Christians have always set apart time for this, time for daily contemplation and devotion, time for the weekly Sabbath rest, a whole day, periods of retreat away from work and entertainment to be still and silent.

 

Those are the traditional ways that Christians have observed the setting apart of time as holy.

 

The result of this setting time apart is always the same, it is much more than just being rested and relaxed, it results in vocation, calling to serve, to be involved in the world, feeding and healing.

 

Contemplation and action, action and contemplation they both lead to the other.

 

It is in times of devotion, contemplation and silence that we see the pain in the world and are drawn to meet God there.

 

It is in being involved in the world, in connecting with the pain in the world, that we are driven to be in deserted places, to silence and rest and contemplation of the holy mysteries of God.

 

When we do not take part in this holy dynamo of contemplation and action we no longer see the world as it really is, we no longer truly live, we lose perspective, our time, our attention is consumed in the trivial and the shallow and the destructive. Illusions distort how we see and live.

 

Setting time apart and serving the pain in the world, we can not afford to ignore this, this is where we meet God. Be suspicious of any piety or devotion that only leads to comfort and complacency, true piety and devotion disrupts the patterns of our lives, it rearranges how we see time itself, and it always drives us into the pain in the world and out of our own self occupations.

 

The Gospel lesson today is not some sweet lesson to put up on the shelf and forget about.
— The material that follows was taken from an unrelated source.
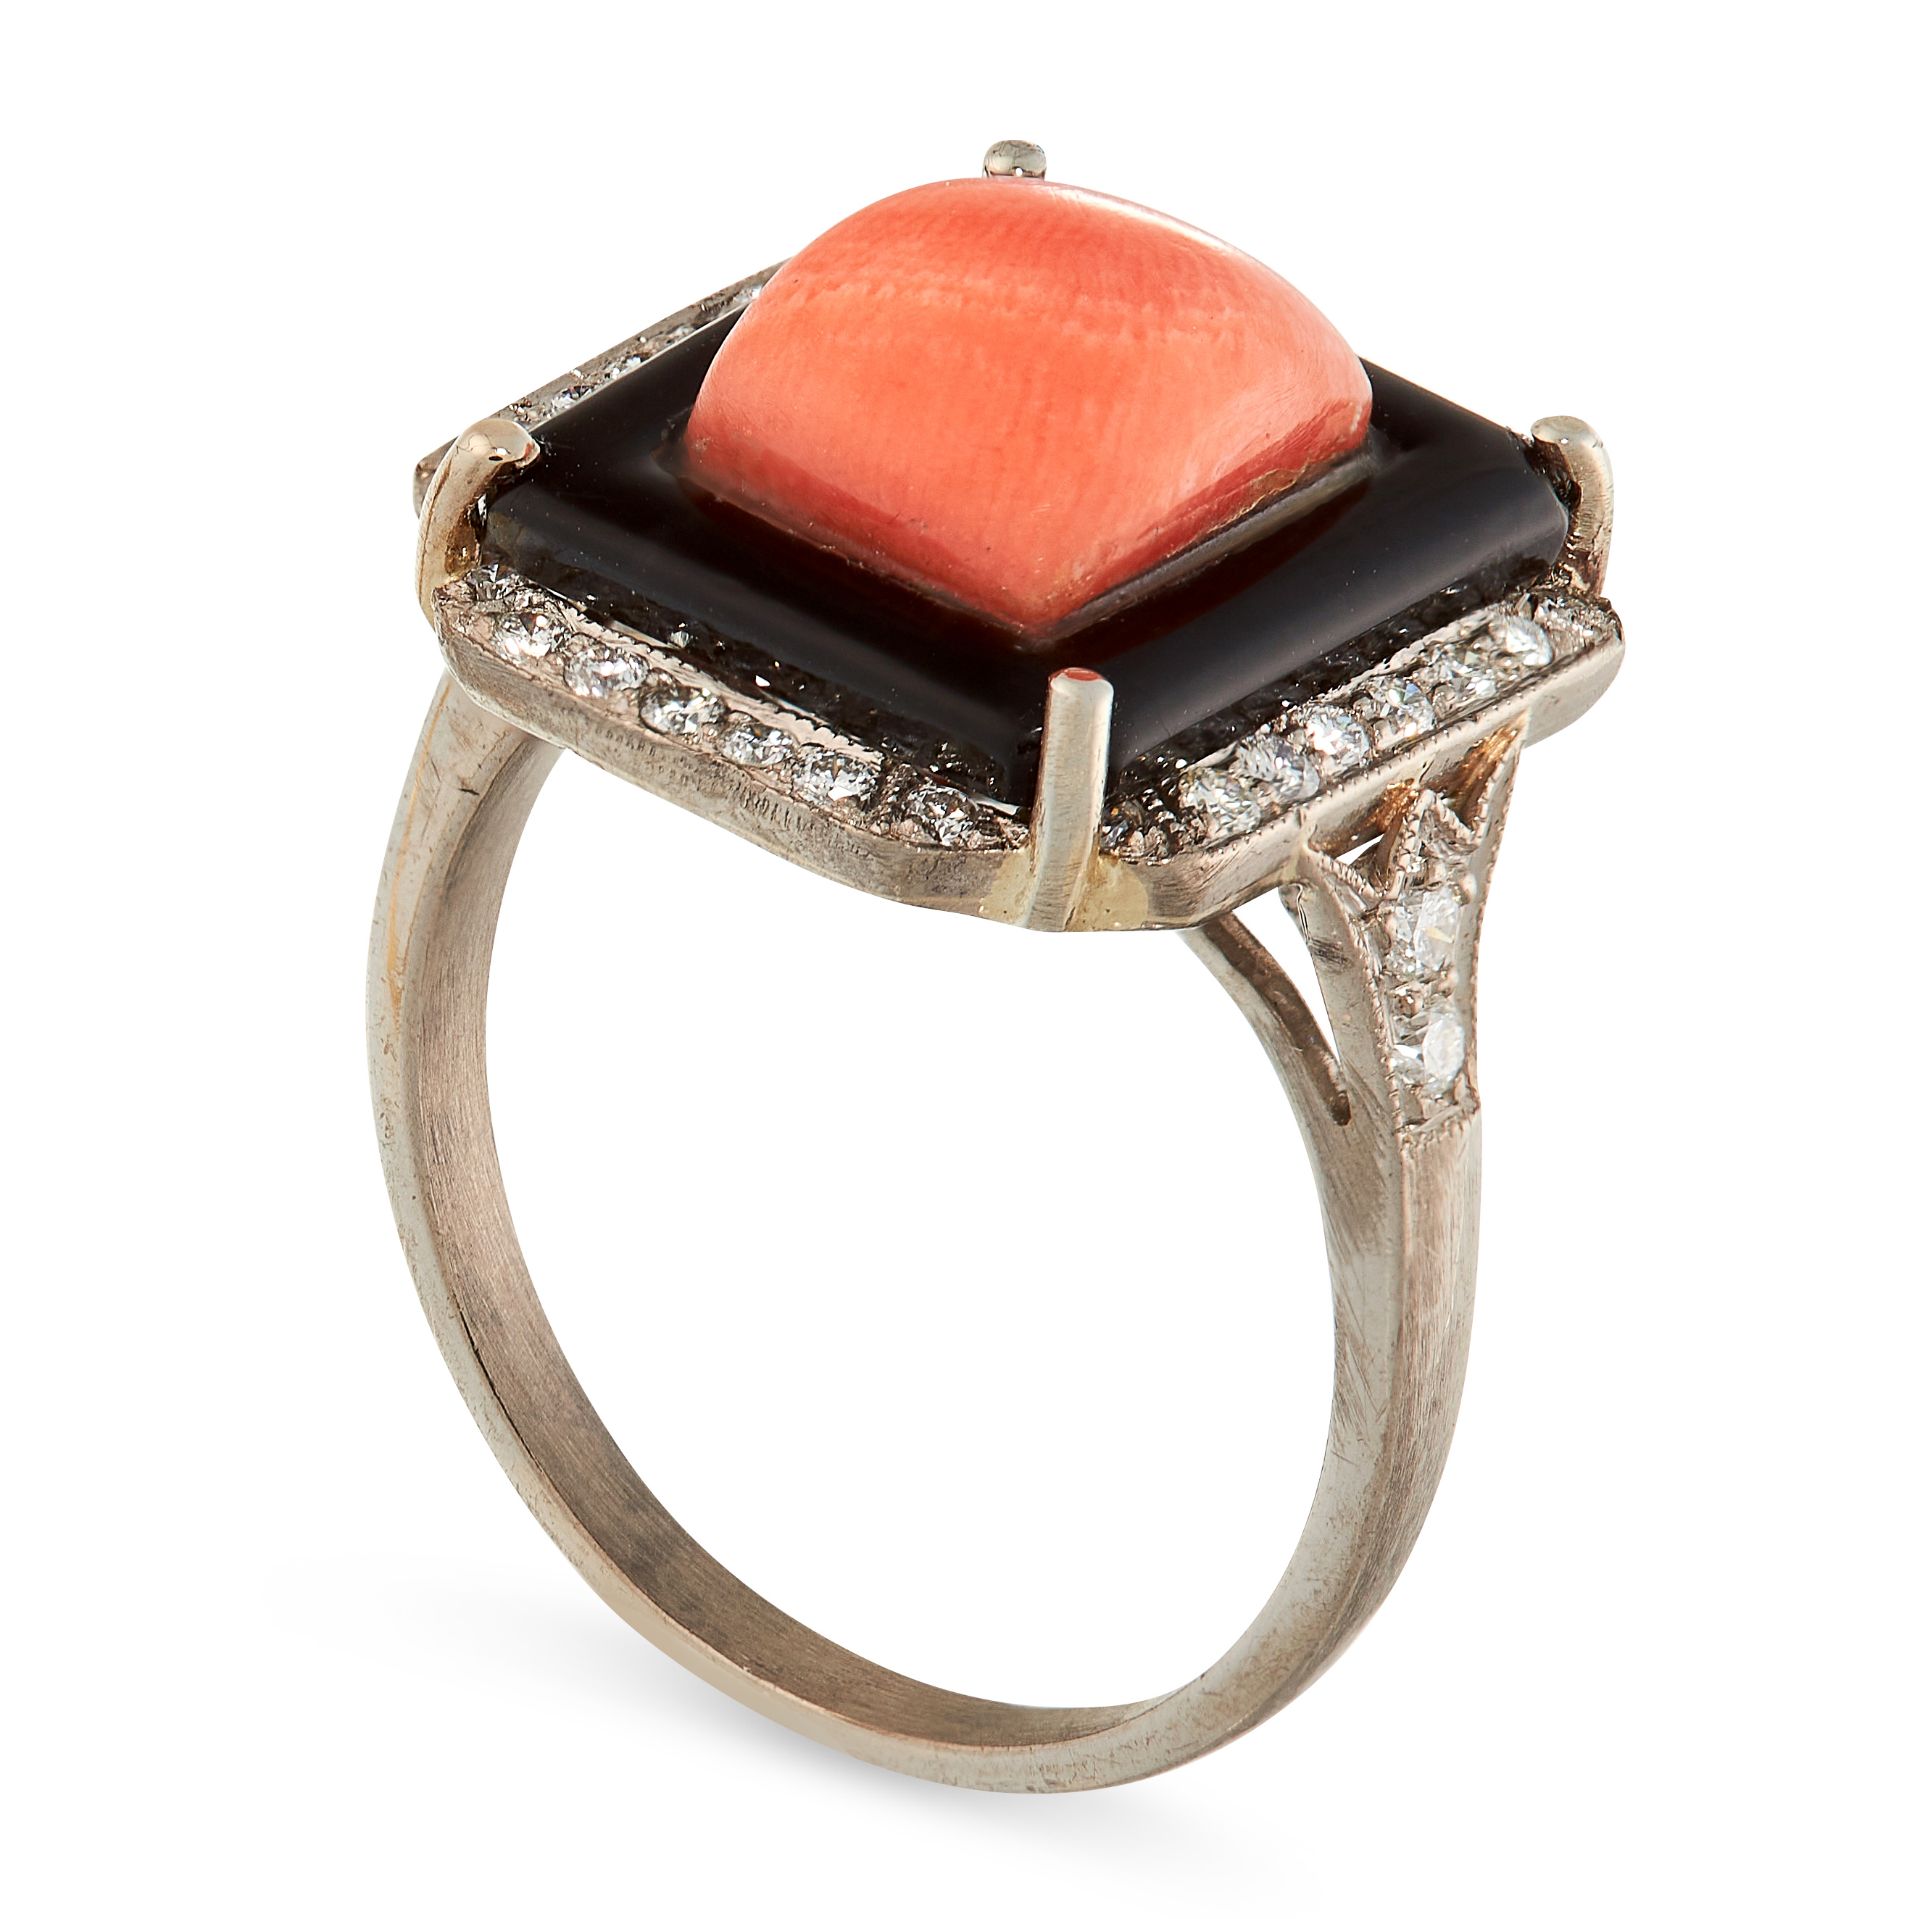 AN ART DECO CORAL, ONYX AND DIAMOND RING in 18ct white gold, set with a central cushion shaped coral - Image 2 of 2

It is the road out of hell and damnation and into salvation and eternity.

 

Meeting God rearranges things, it changes how we see and use time, and when time becomes something different, more than billable hours and consumer activity, when time becomes something that is holy, then we see the world rightly as the place where God is encountered and served and loved, and that changes all of our relationships.

 

Come away to a deserted place and rest.

When we get there we will see the gaping wound in the world and we will see God healing and feeding and serving, sanctifying the very bones of humanity and the very dust we walk upon.

 

Follow Jesus to this place and learn to be alive.